If a bug comes into my house and I see it, its short life just got a little shorter. I especially don't like flies in my house. I have had some extensive hunts, with the fly swatter in hand, that went from one end of the house to the other - several times, before I dispatched the buzzing trespassers. That's why it struck me as odd that I viewed the dead fly on my upstairs bathroom windowsill with such poignancy. If I had seen him when he was alive and flying around, I would have instantly transformed into hunter mode. But looking at the dead fly, at the highest part of the house, lying dead just on the wrong side of the window of freedom - well, it just struck me as sad. He slipped into the house through a quickly opened door because his instincts told him there was food to be had if he could just get into that giant storehouse.
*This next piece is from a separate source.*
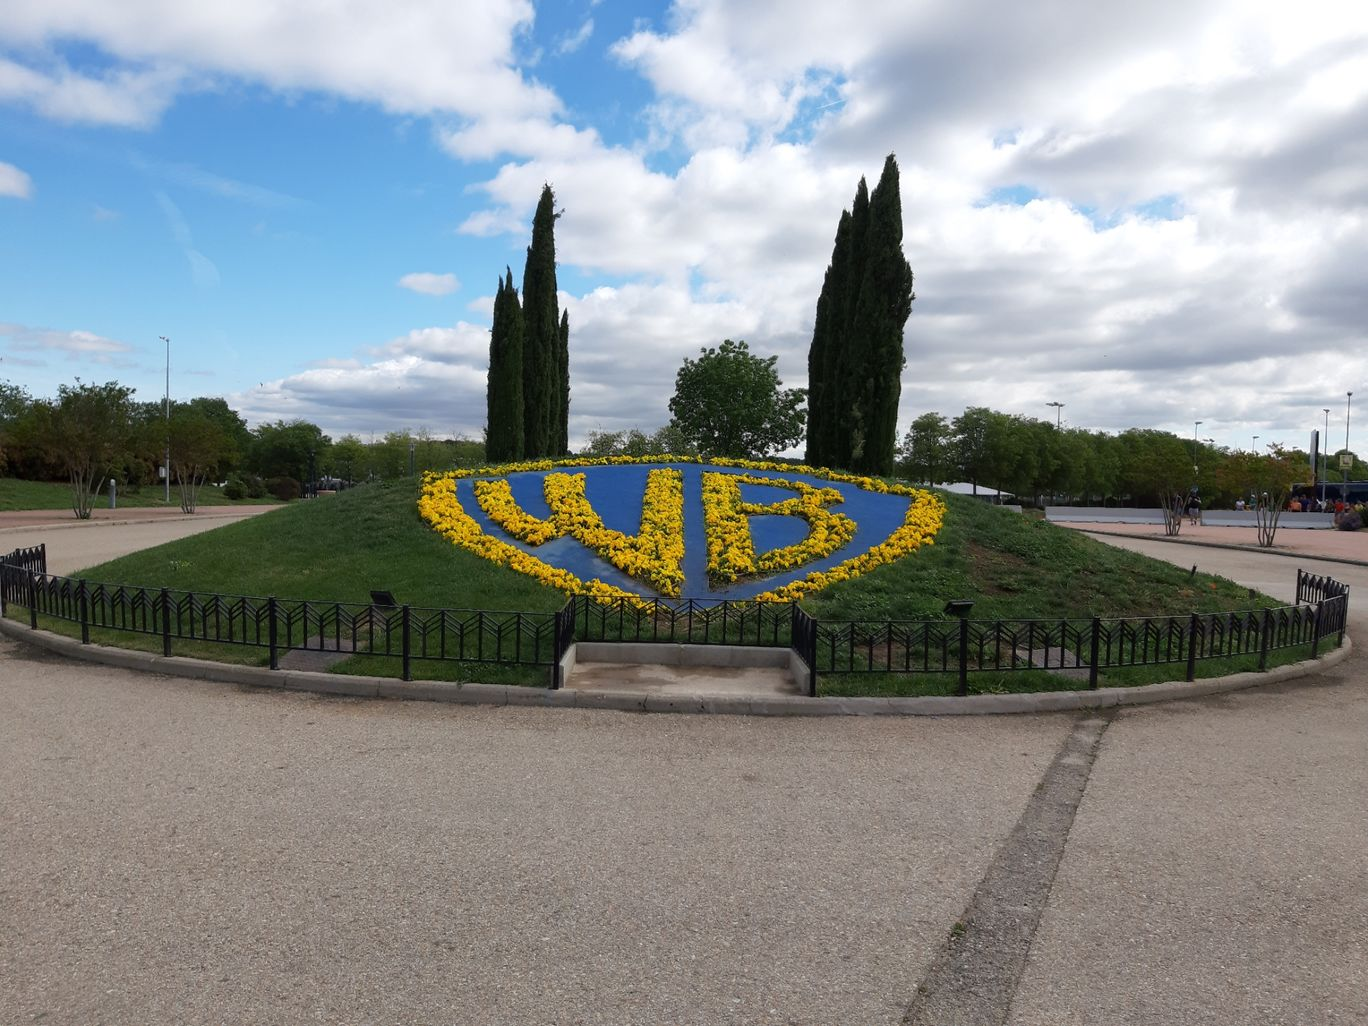 Photo of Parque Warner Madrid By Aishwarya Nathawat

All he found was imprisonment, hopelessness, and death.
Okay, maybe he was incapable of being depressed, feeling hopeless, and even regretting his mistake. Maybe he was just being led by his instincts. Still, the analogy is appropriate for us. How many of us chase after something that will never satisfy, fulfill, or sustain us? How many people fly into the open door of easy opportunities and sensual possibilities only to find a new prison, and for some, death? Isn't that letting our instincts lead and control us? Satan loves to use our desires as leashes to lead us where he wants us to go. Maybe the real difference between us and the house fly is that our ability to think is used to rationalize our actions rather than keeping us from flying into something that can destroy us.
I probably won't ever us this as a sermon illustration, but I kind of like the idea that even a dead fly can make me think. That doesn't mean I'm throwing away my fly swatter.